简单的卷积测试，这是一个X方向上的边缘检测算子。

from filters import conv_nested

# Simple convolution kernel.
# Feel free to change the kernel and to see different outputs.
kernel = np.array(
[
    [1,0,-1],
    [2,0,-2],
    [1,0,-1]
])

out = conv_nested(img, kernel)

# Plot original image
plt.subplot(2,2,1)
plt.imshow(img)
plt.title('Original')
plt.axis('off')

# Plot your convolved image
plt.subplot(2,2,3)
plt.imshow(out)
plt.title('Convolution')
plt.axis('off')

# Plot what you should get
solution_img = io.imread('convoluted_dog.jpg', as_grey=True)
plt.subplot(2,2,4)
plt.imshow(solution_img)
plt.title('What you should get')
plt.axis('off')


plt.show()

png

Let us implement a more efficient version of convolution using array operations in numpy. As shown in the lecture, a convolution can be considered as a sliding window that computes sum of the pixel values weighted by the flipped kernel. The faster version will i) zero-pad an image, ii) flip the kernel horizontally and vertically, and iii) compute weighted sum of the neighborhood at each pixel.

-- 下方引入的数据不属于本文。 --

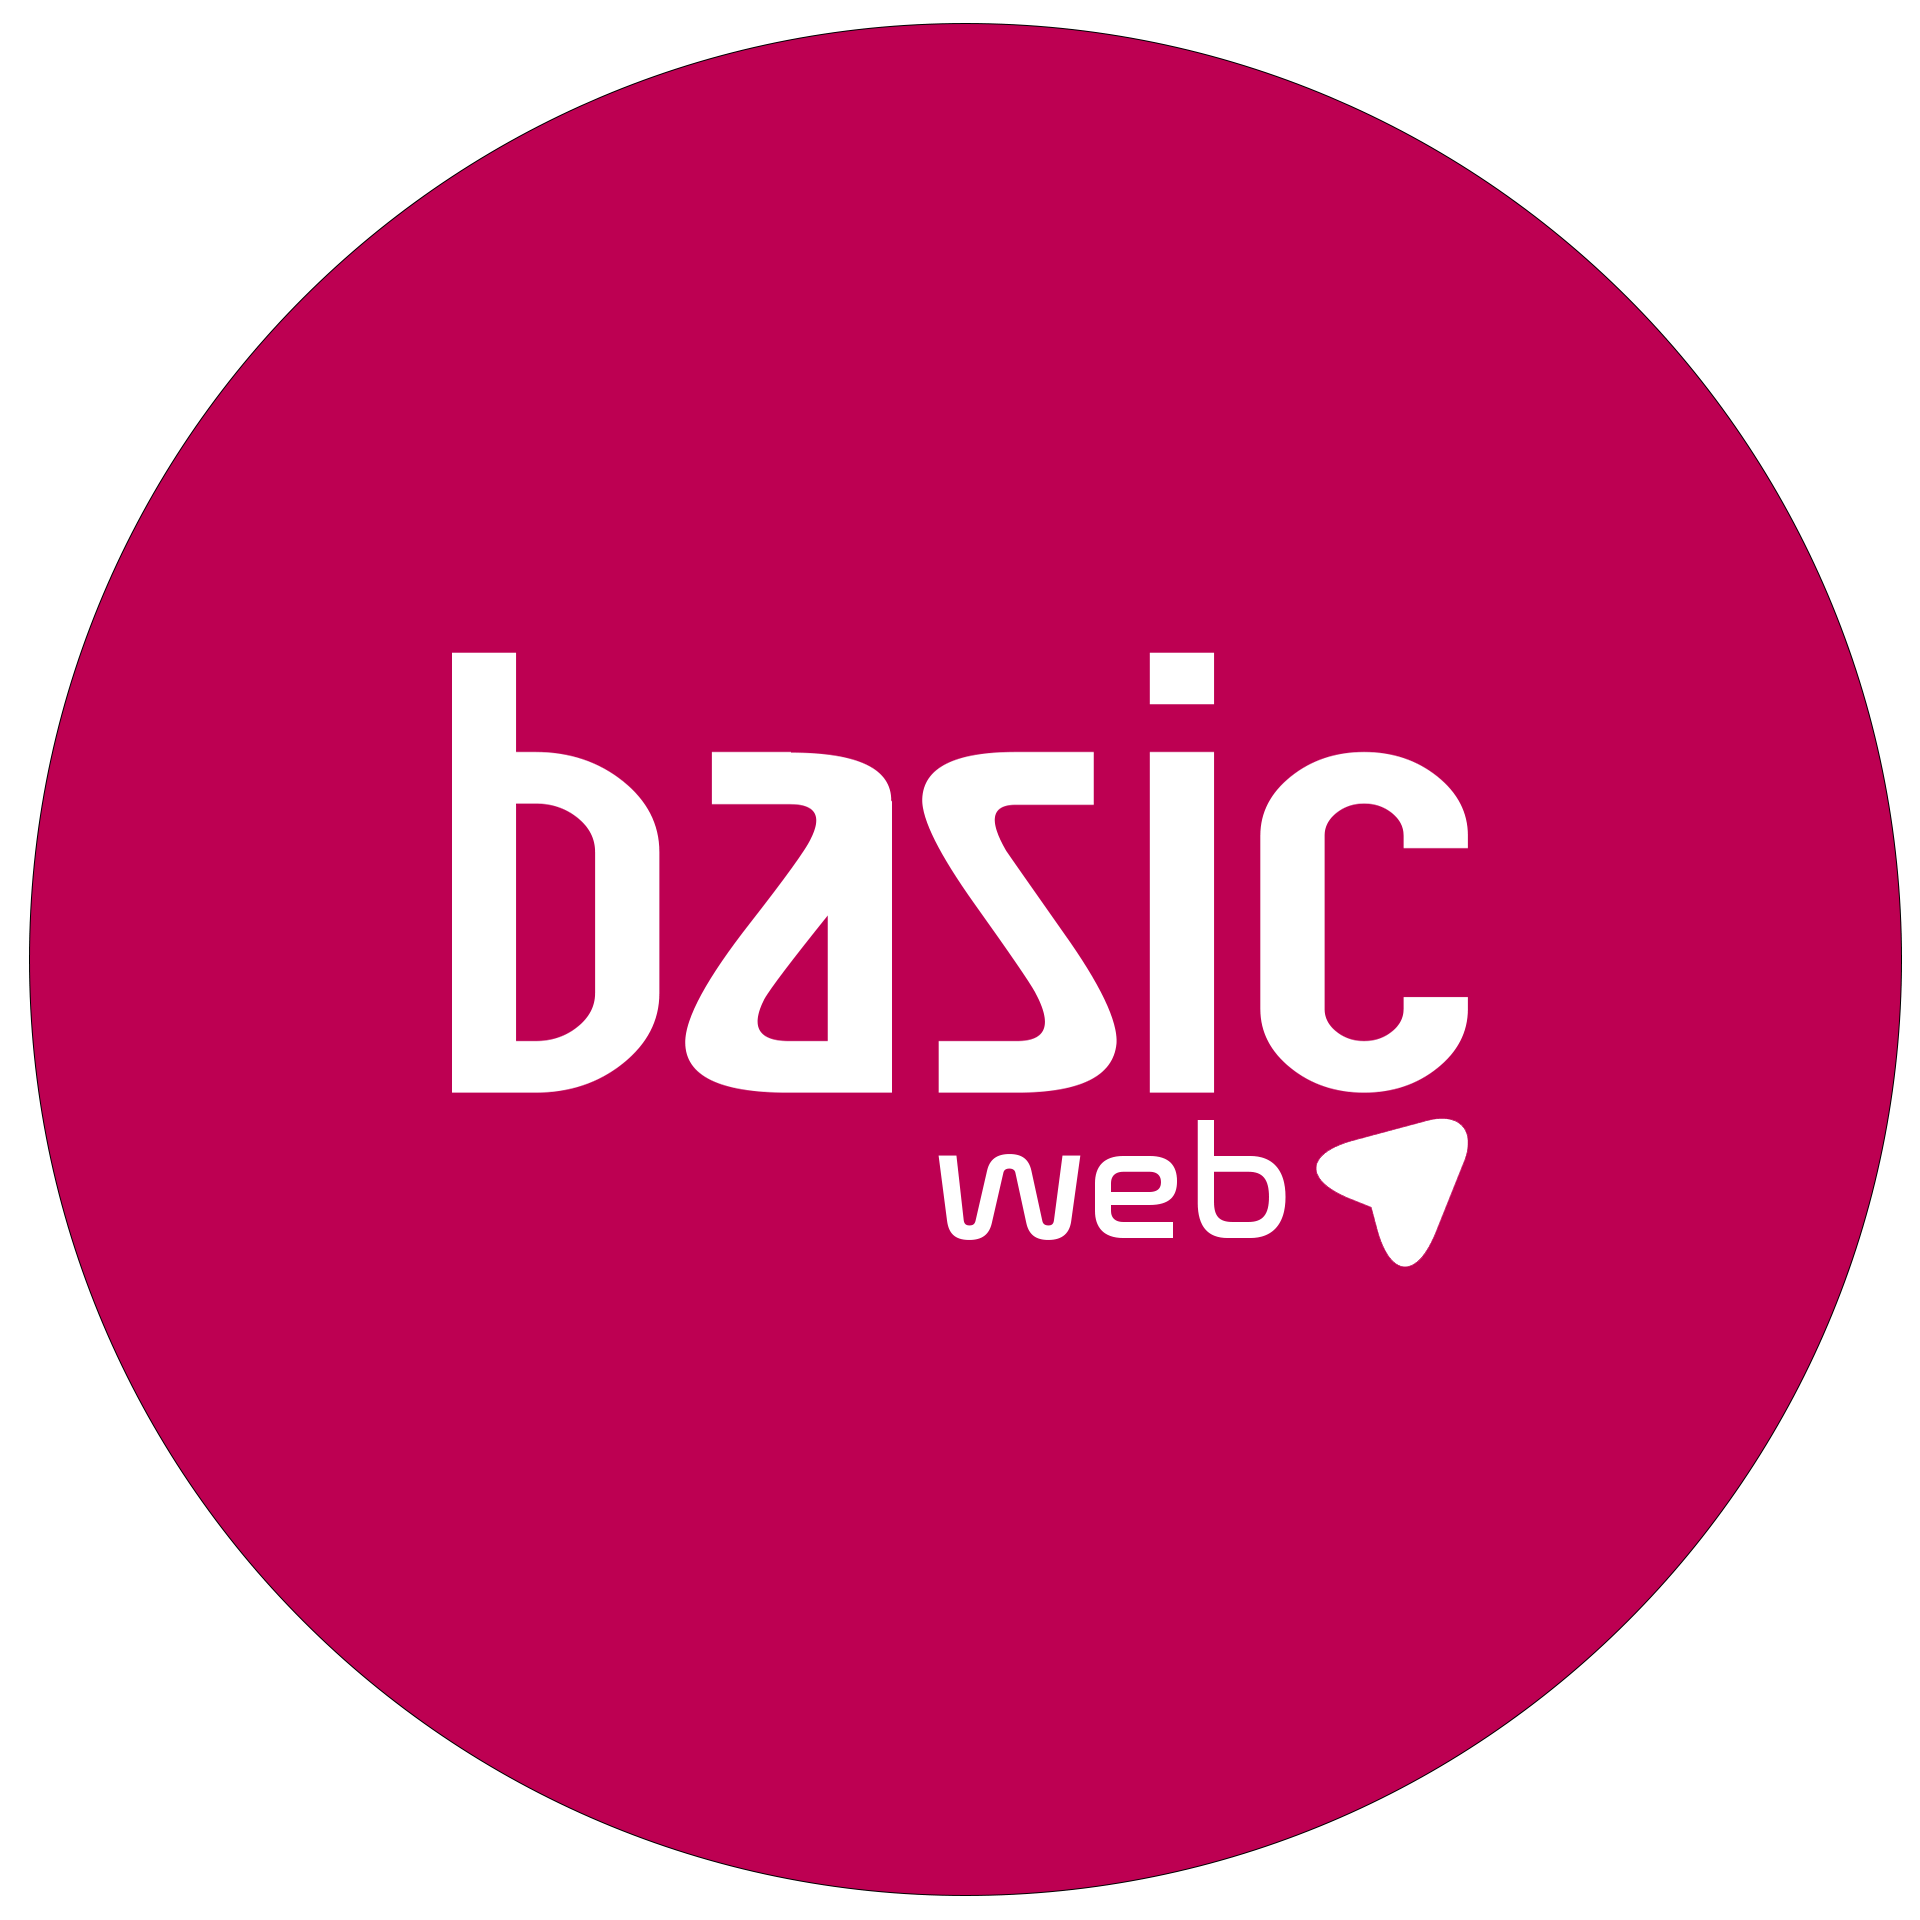 (c) Basicweb.com.br

First, implement the function zero_pad in filters.py.

由于判断卷积核是否超出图像边界这一步导致计算很慢，这里有一种更快的方式：

对图像边缘进行零填充
翻转卷积核
移动卷积核计算每个像素位置的卷积结果

零填充的操作就两步：

根据填充边缘大小生成一个大背景
将原图拷贝到背景中心

from filters import zero_pad

pad_width = 20 # width of the padding on the left and right
pad_height = 40 # height of the padding on the top and bottom

padded_img = zero_pad(img, pad_height, pad_width)

# Plot your padded dog
plt.subplot(1,2,1)
plt.imshow(padded_img)
plt.title('Padded dog')
plt.axis('off')

# Plot what you should get
solution_img = io.imread('padded_dog.jpg', as_grey=True)
plt.subplot(1,2,2)
plt.imshow(solution_img)
plt.title('What you should get')
plt.axis('off')

plt.show()

png

Next, complete the function conv_fast in filters.py using zero_pad. Run the code below to compare the outputs by the two implementations. conv_fast should run significantly faster than conv_nested.
Depending on your implementation and computer, conv_nested should take a few seconds and conv_fast should be around 5 times faster.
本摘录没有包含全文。